Reddy’s operatives were identifying House districts with vulnerable incumbents, recruiting challengers to run against them and pledging massive amounts of cash to support their insurgent candidacies. Dozens of seats were in play – and DOGE SC’s involvement in those races could have dramatically shifted the balance of power away from Smith’s establishment allies and moved it toward citizen-first legislators who embraced the finer points of the “Palmetto Revolution.”
For the first time in decades in South Carolina, the stage seemed set for a real realignment of power. And a long-overdue one, at that.

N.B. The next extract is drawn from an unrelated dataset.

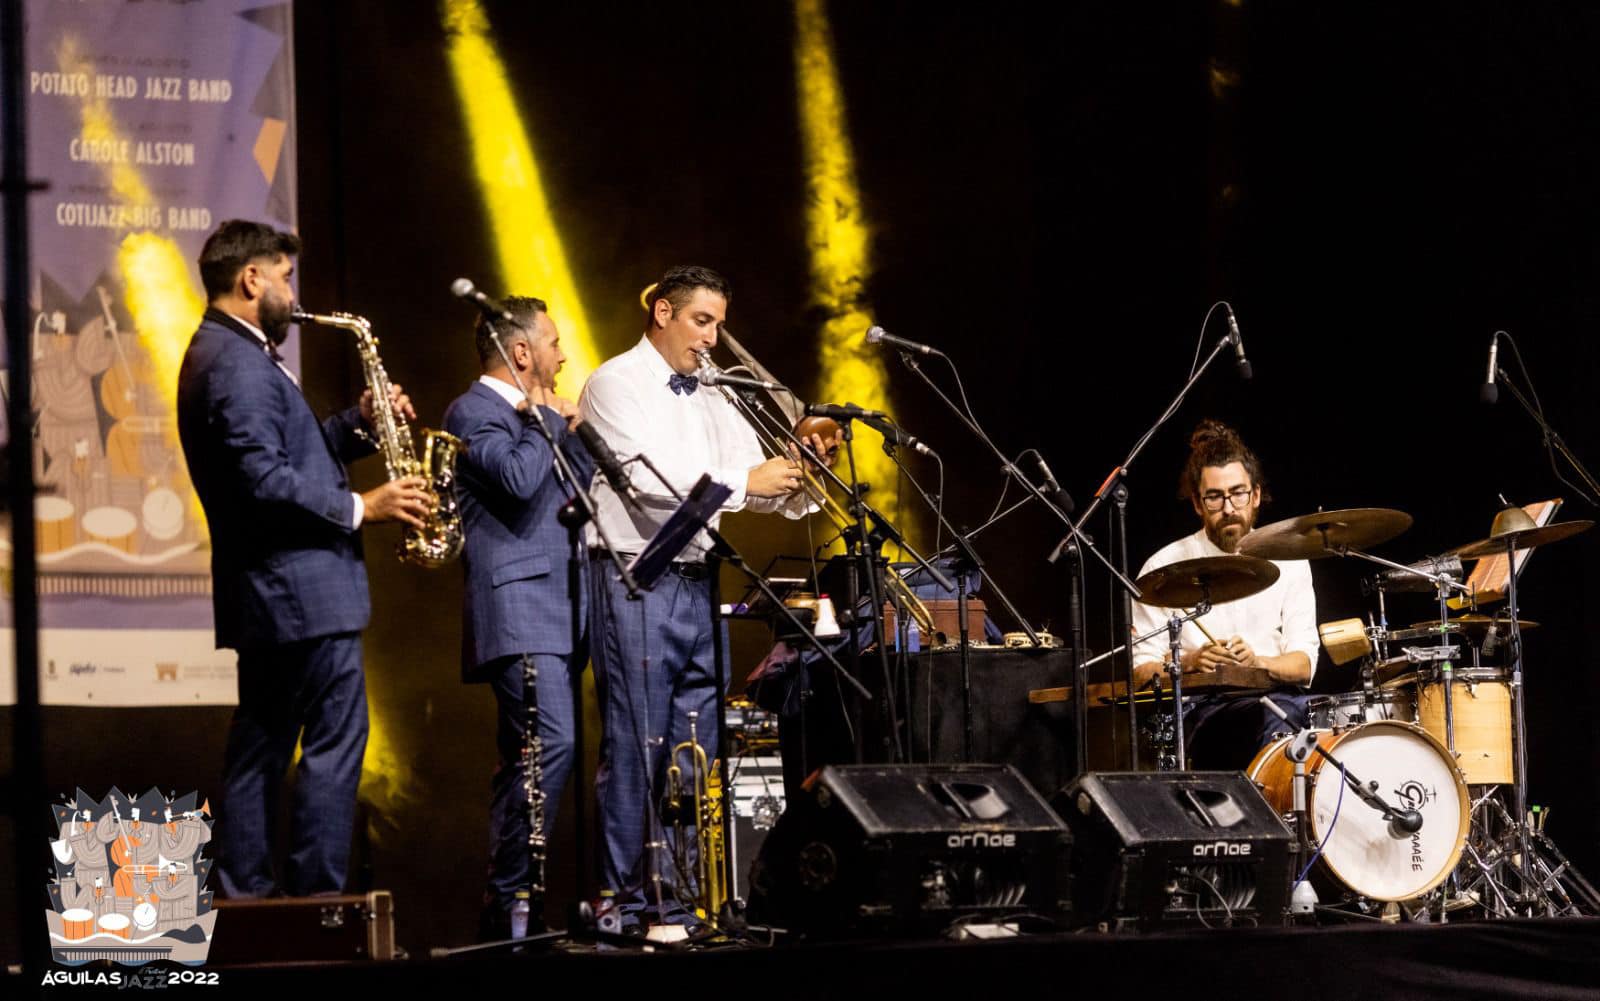 Arranca la segunda edición del Águilas Jazz Festival con la actuación de “Potato Head Jazz Band”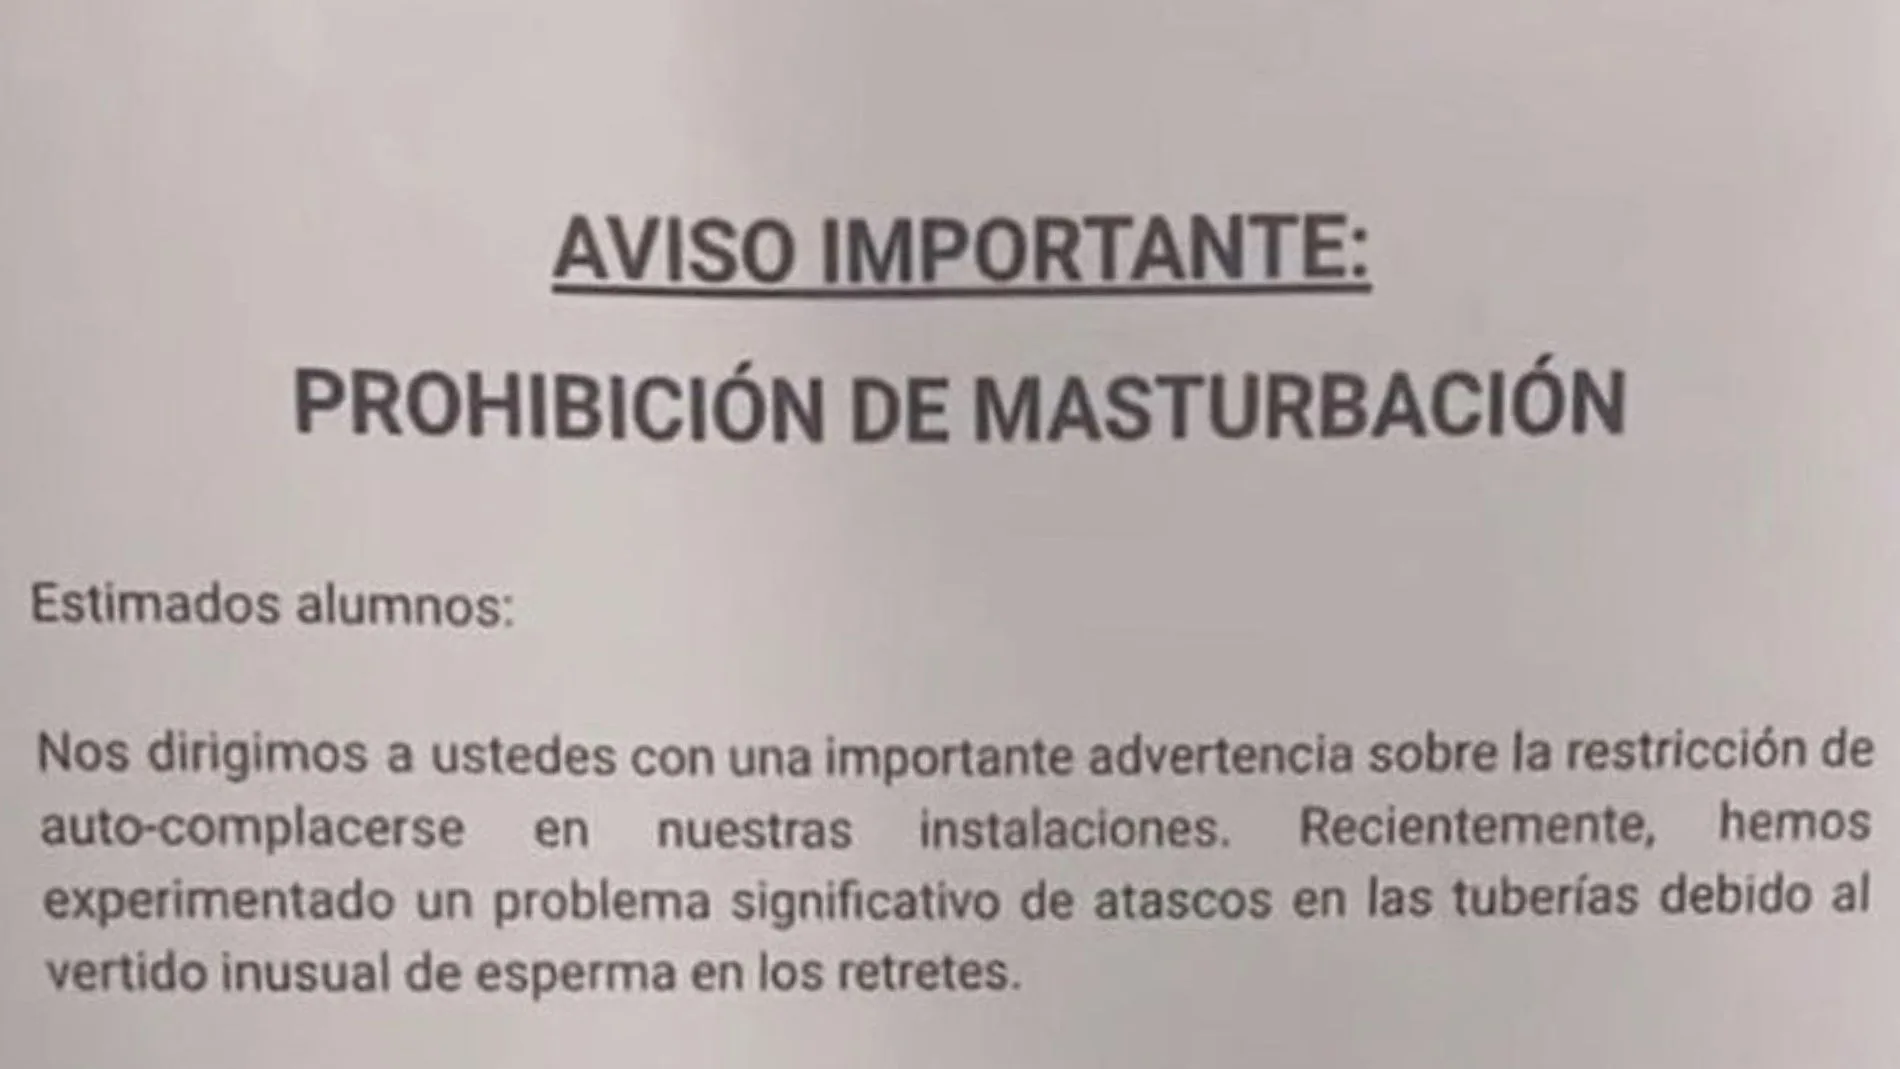 Así comienza el bulo que está circulando por redes sociales sobre la "prohibición de masturbación" en un instituto de Madrid

Make no mistake: Smith and his uni-party allies in the legislature are the embodiment of everything DOGE SC purportedly opposed: reckless spending, neglect of core functions, rampant crony capitalism and unchecked corruption. Rather than fight these battles in the legislative trenches, though – equipping the reform movement with additional foot soldiers for the forthcoming siege – Reddy walked away, ceding the field to Smith and the uni-party at the most pivotal point in the process.
Just when pro-citizen candidates needed his support, Reddy left them high and dry – pulling the plug on his legislative efforts and cannibalizing DOGE SC’s infrastructure for his gubernatorial bid.
“At the very moment DOGE SC was needed most, it disappeared,” I noted at the time.
The timing of Reddy’s betrayal – just as candidates were filing for public office – was a knife in the back for supporters of his movement and the broader push for reform in the Palmetto State. Conversely, it was absolute boon for Smith and the status quo interests supporting him. Numerous reform-minded citizens coaxed into campaigning against Smith’s legislative supremacy saw their candidacies completely cut off at the knees – while those who had planned on entering the arena with assurances from Reddy and his team found themselves totally hung out to dry.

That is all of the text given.